The Solution, My Nemesis, a Database

Because one angle of my entire process is having an excuse to play with all the developing AI models that are coming out now, I had been using it extensively in numerous ways. Sometimes as a sounding board for my ideas, which kind really sucks when the damn thing tells you that you are the most brilliant thing in the solar system or other sycophantic flights. But also the copy and paste errors. And friction.

Oh, yeah I was supposed to talk about databases here.

So in university, while studying Information Technology, there was this one class on databases which had three or four hours of homework every single night and was the hardest thing I have ever taken including Analytical Geometry and Calculus. I did not pass it the first time. The second time I scraped by, but honestly, I do not think I learned very much at all. Since then, I have set up MySQL databases for blogs and websites, done once and over. But this project needed something bigger, way more interactions, because the documents I wanted to slurp into it had so many different formats and templates that it was a nightmare to even consider doing on my own.

Of course, I leaned heavily onto Claude Code to help me. Oh boy did I lean. But By the middle of January, I still had Obsidian as my daily driver. I had to just buckle down and come up with a way to work this out. And then I found out about OpenClaw, it was called clawdbot then, and it promised to give my AI hands, so no more copy pasta and it all just turned into magic.

Magic isn't always the answer

So any D&D player knows that just because your character knows a spell and chooses to use it, does not guarantee it will be successful. They can do thing to help increase its chances of success but it is still a roll of the dice. Literally. OpenClaw as hands and Claude Code as brains, made it so that I could make some things happen with a whole lot less friction than if I was to do it myself.

So between the middle of February and today, I have been working on something I call Project Dragonpunk. Basically it is a database which I have hosted on a server. There is a core codebase which is a set of tools, and then there is an api set up to make it so that using these tools does not have to happen directly on that server.

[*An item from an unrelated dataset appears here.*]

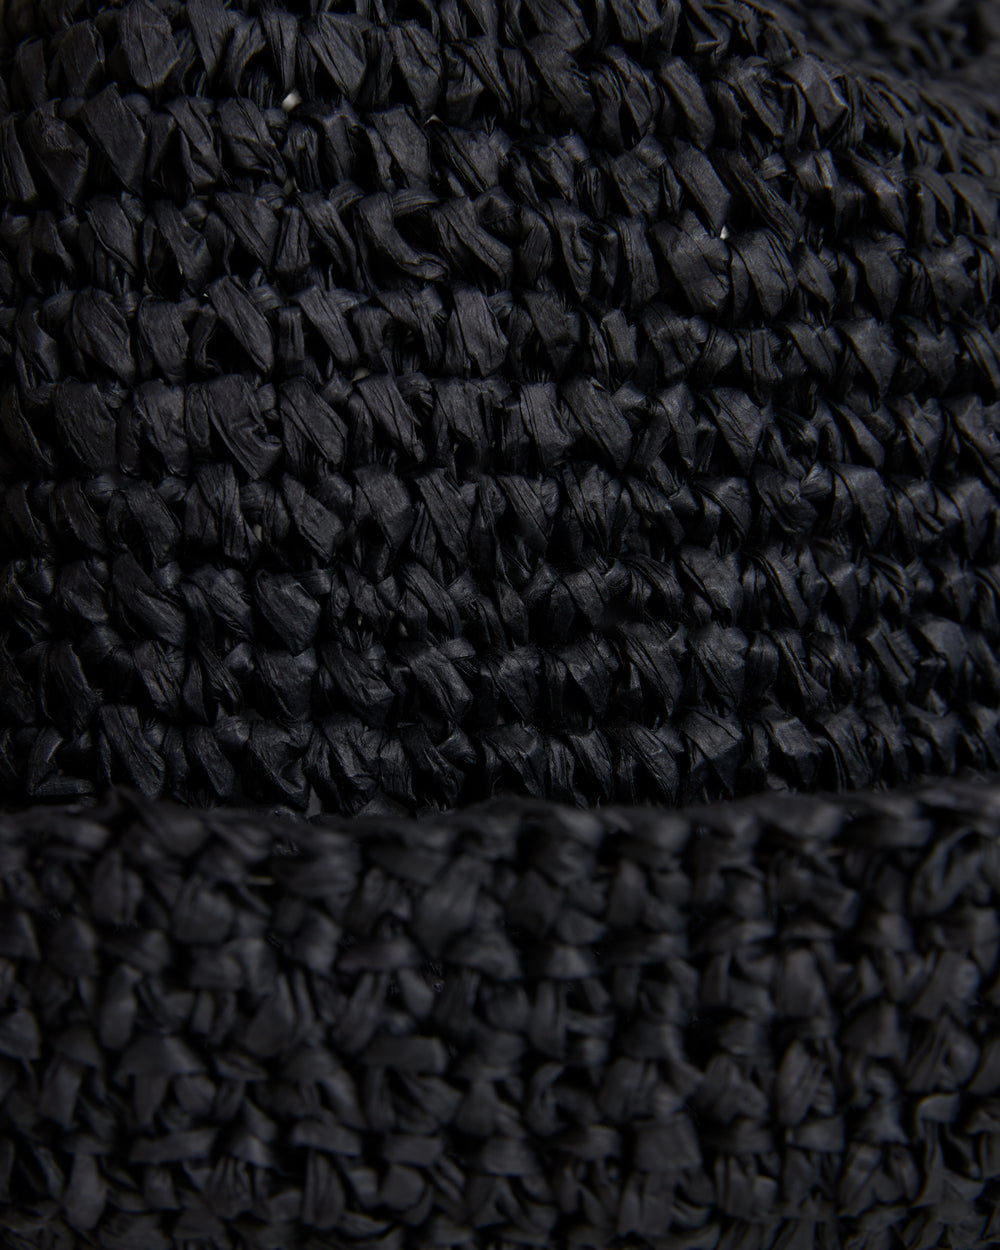 Close-up of The Amabile Rafia Hat - Onyx from Dandy Del Mar, a textured black fabric with a detailed woven pattern, highlighting the intricate threads and fibers.

This means my view into the data is through what are called thin clients all they do is interact with the API functions to do their dirtywork on the database.

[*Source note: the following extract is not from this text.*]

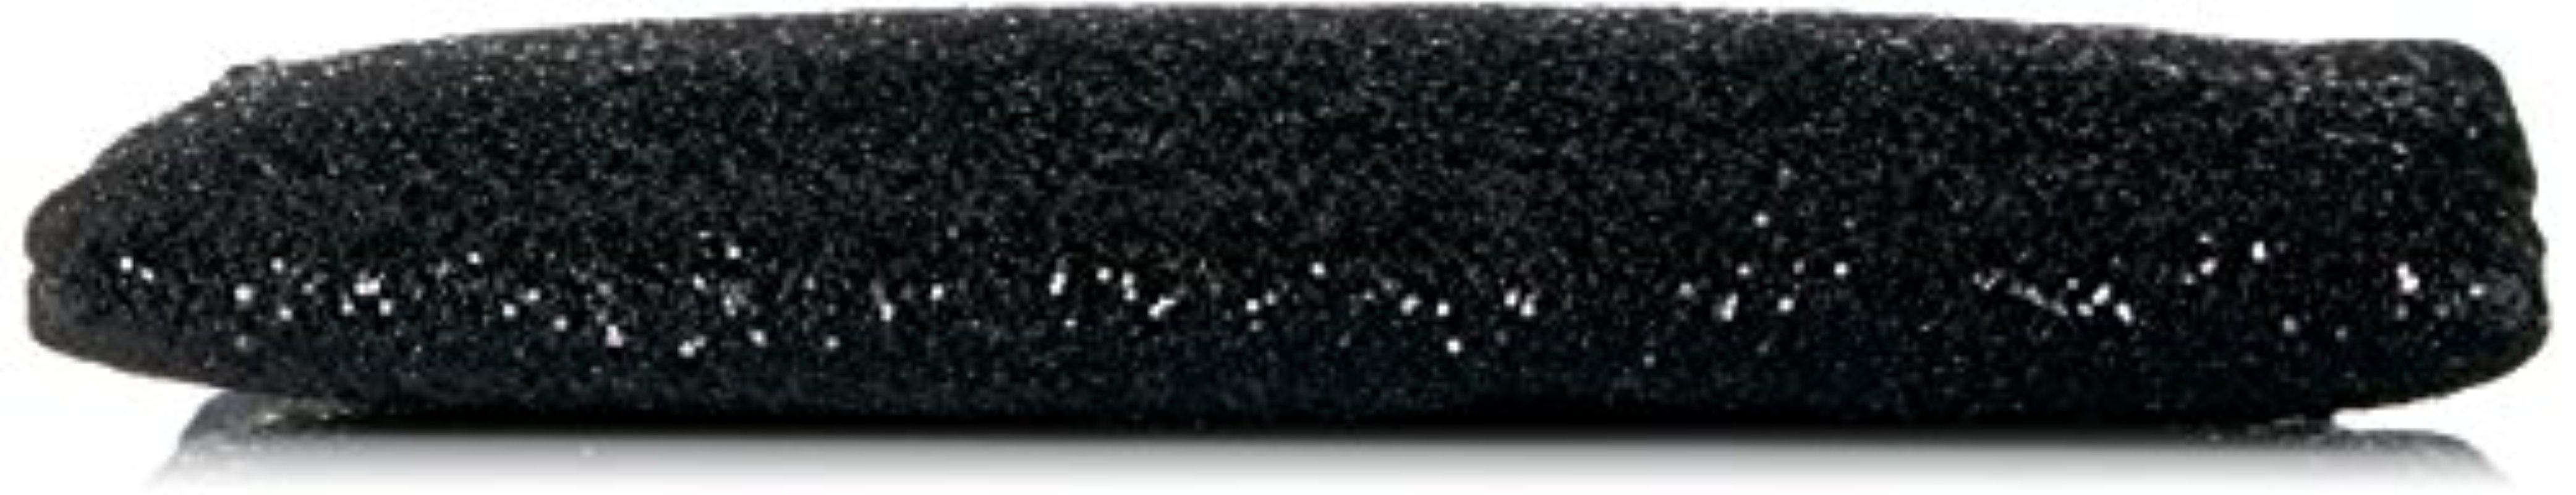 Guess Ever After Glitter Crossbody Clutch in Black - Lyst

But how did you get the AI to write a huge codebase

I have found that the AI tools are remarkably good at spitting out a script for a specific one off task. Let's say I want to change a single thing on every single document in the database. They can spit that code out almost with out thinking. But tell it to write a huge bit of programming that has complicated and sophisticated details in it, they fail. Badly. Not as much as they used to but still.

So what I had to do was do a lot of explaining what I want, get a markdown document about that. Then make a seris of other markdown documents, basically a round robin course of editing, rewriting and reediting the documents until I had a really well researched and very specific design protocol. Then and only then could that Project be broken down into Phases and goals which supported each phase. And once that was all set up. I could turn them loose on it.

Turnt out for Waht?

Well, that didn't go smoothly at first. The Goals were still too large and disconnected. So I had to run them all through a process which made them all focused on the Project at hand. Everything had to really be tightly composed and pressed into that support. Nothing was in the instructions which did not actually need to be, and lots of things needed to be. But ultimately, a software project which was originally estimated to take me until late July, if I were actually a good programmer, finished up this morning. [HUGE CAVEAT: There is still the User Testing, which is basically just me pushing all the buttons and complaining that they don't work!!]

Next?

Oh this will be fun. Now that I have set the stage, I will be setting up new processes on top of this basic infrastructure that will finally tackle the issues I was facing in December. Which is enormous progress. I have some ideas about how to go about this, some old methods I was using can be revamped and set up into new workflows which are much more efficient and effective. But we shall see.